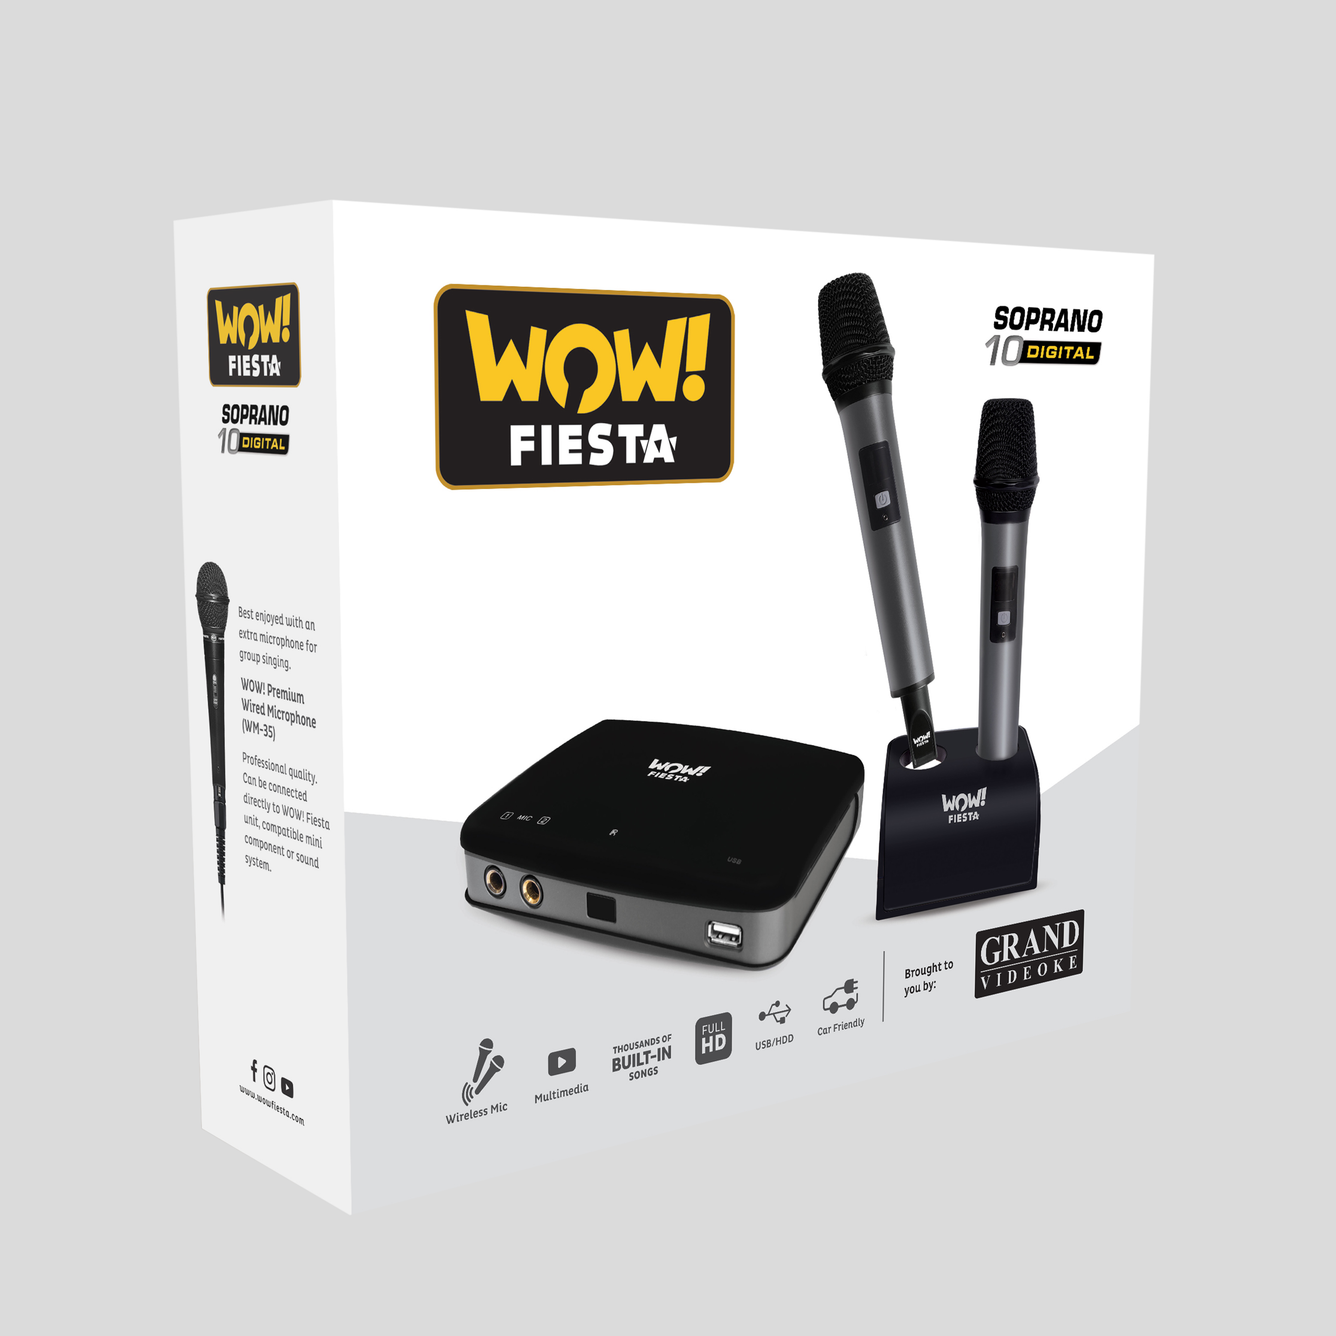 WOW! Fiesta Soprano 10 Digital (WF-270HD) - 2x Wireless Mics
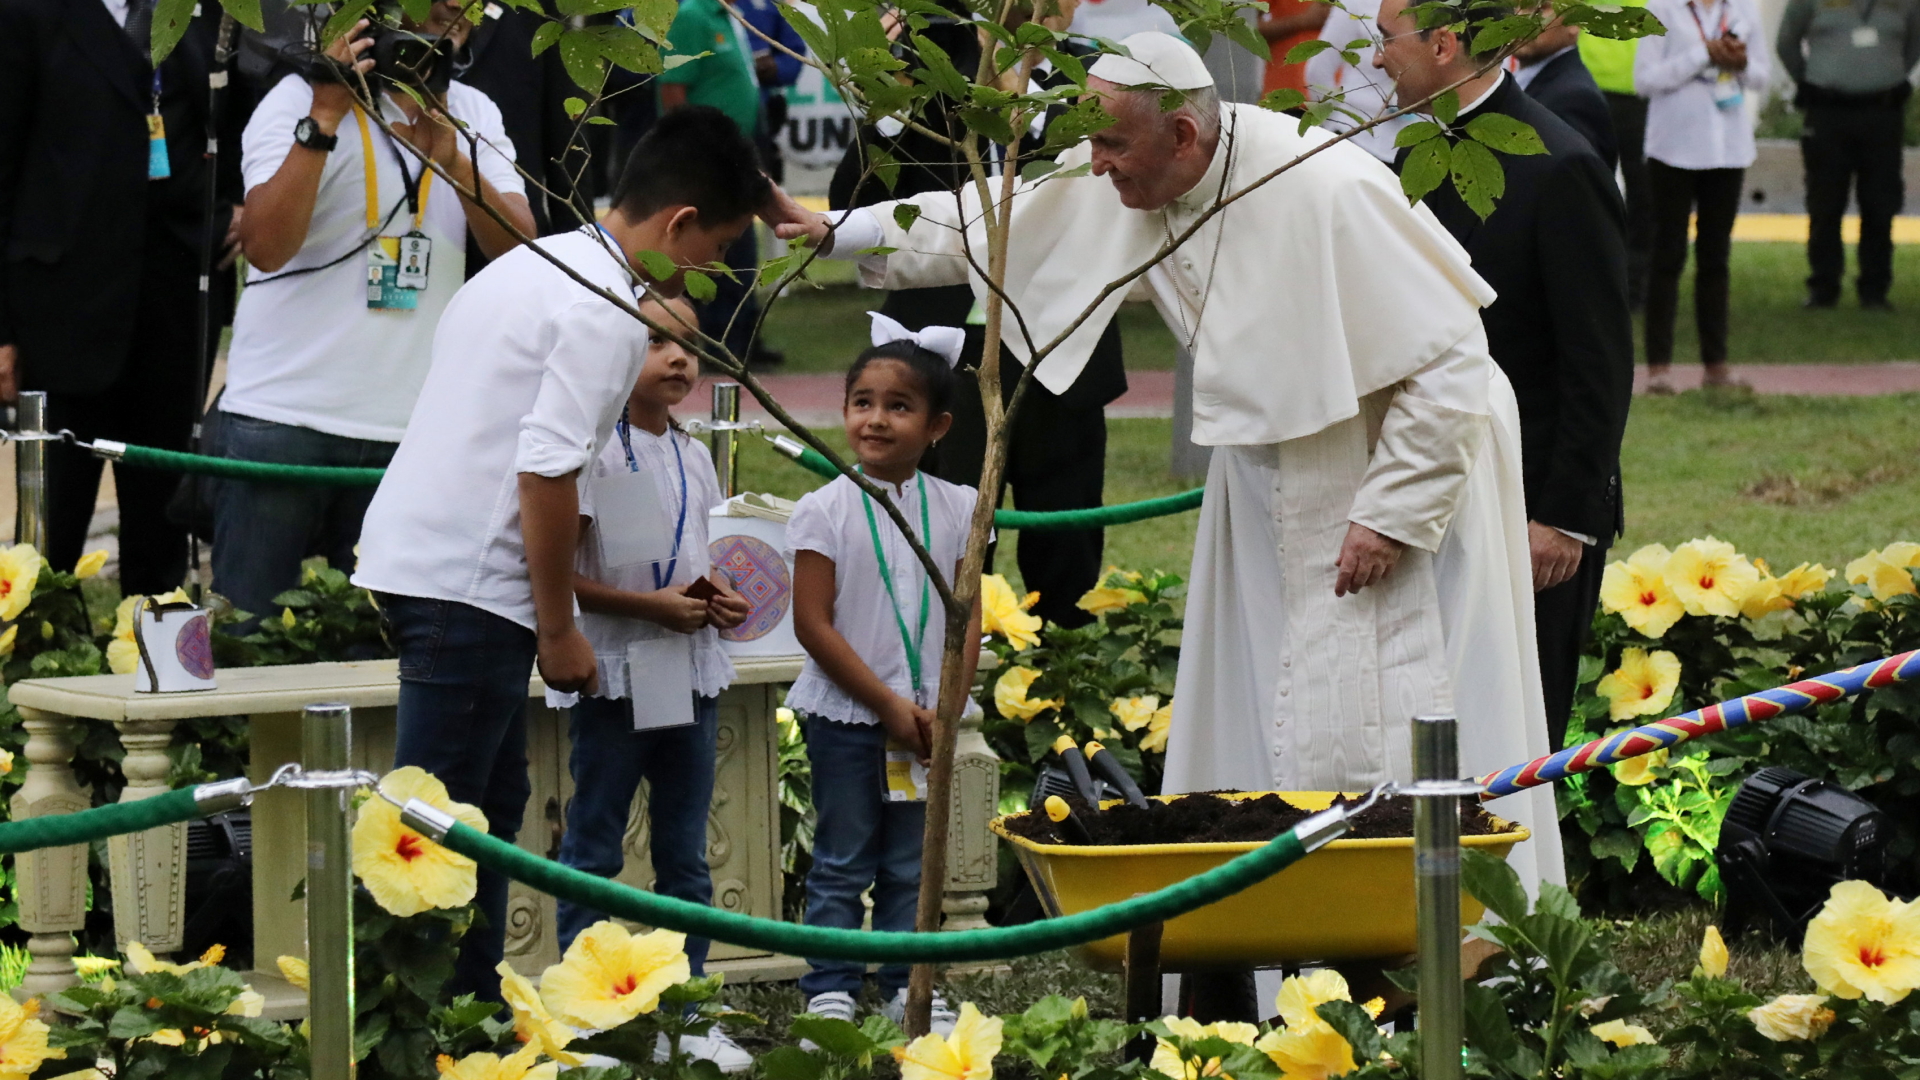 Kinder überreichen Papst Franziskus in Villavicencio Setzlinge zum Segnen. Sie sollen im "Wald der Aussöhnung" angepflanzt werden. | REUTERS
==
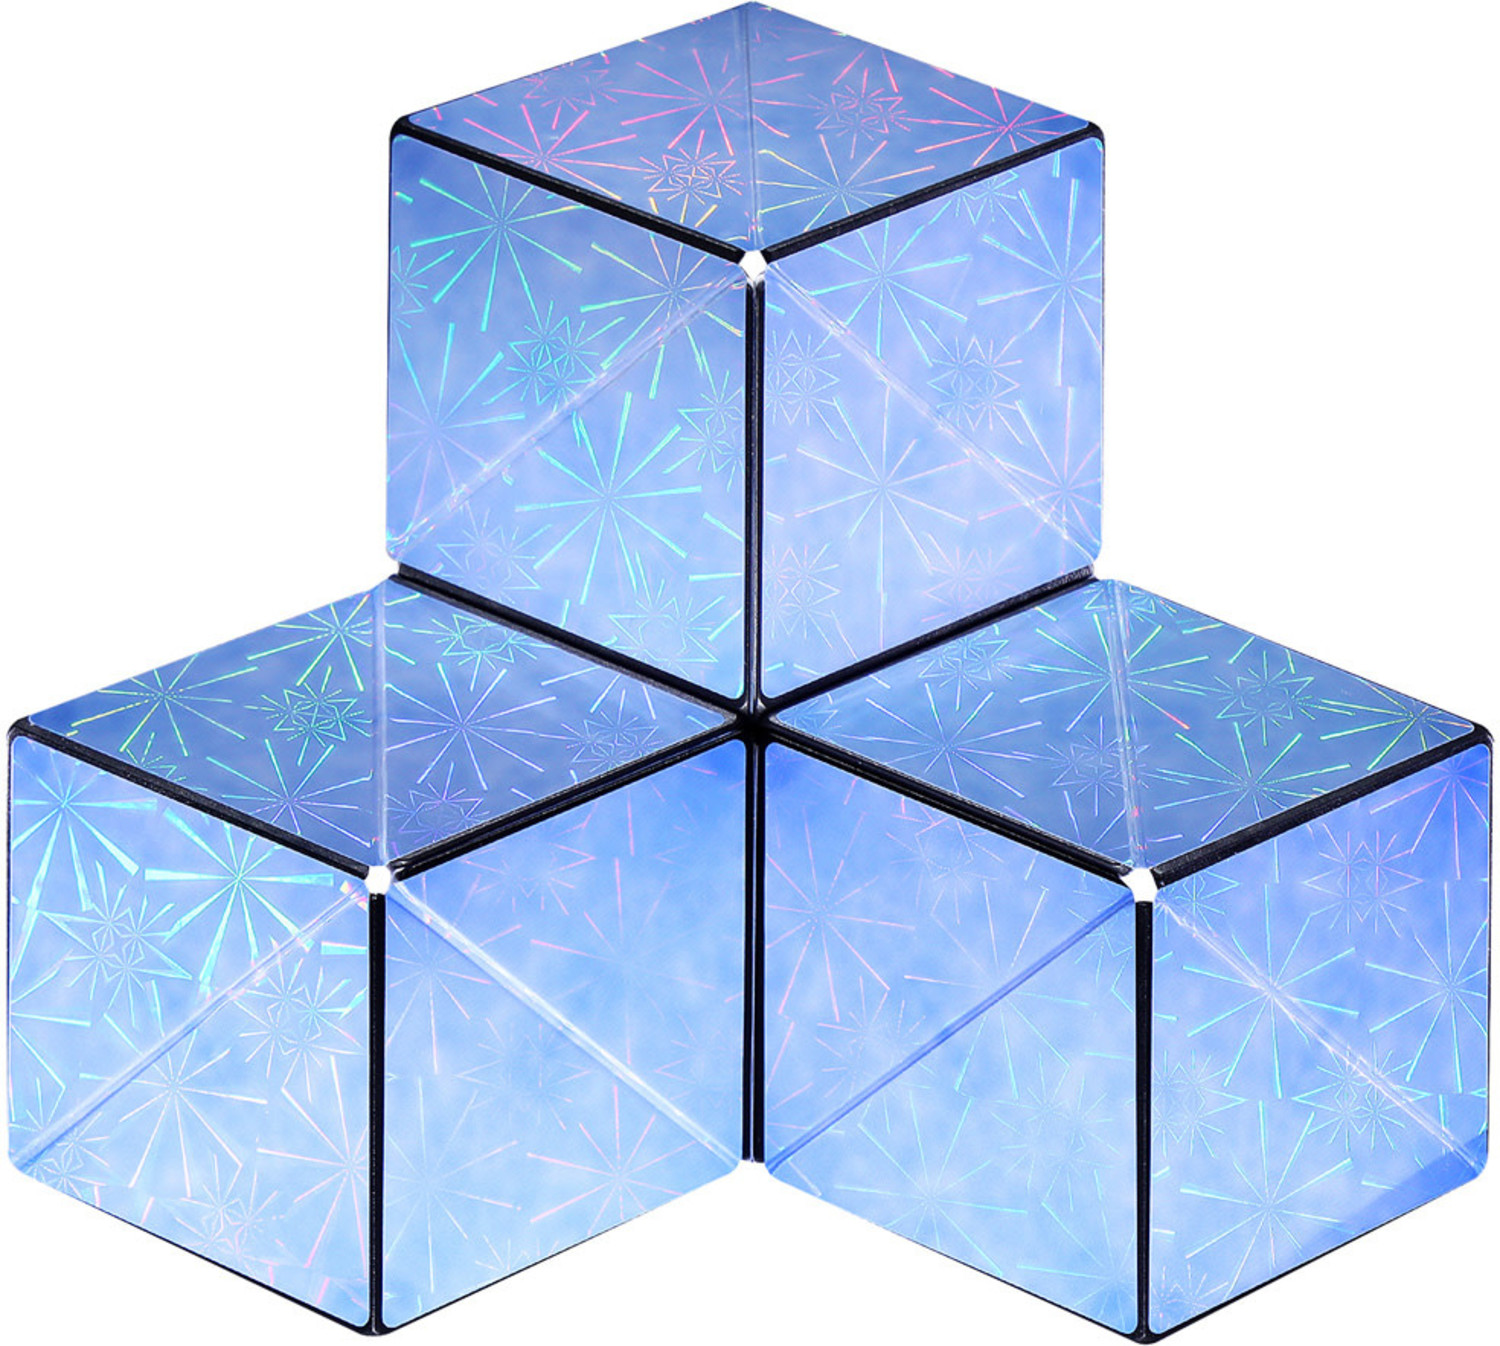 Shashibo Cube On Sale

Task statement:
Beginning with the line that contains "WOW! Fiesta Soprano", write out the lines of the material above exactly, and end with the line that contains "Kinder überreichen Papst". Omit the pictures.

Task answer:
 WOW! Fiesta Soprano 10 Digital (WF-270HD) - 2x Wireless Mics
 Kinder überreichen Papst Franziskus in Villavicencio Setzlinge zum Segnen. Sie sollen im "Wald der Aussöhnung" angepflanzt werden. | REUTERS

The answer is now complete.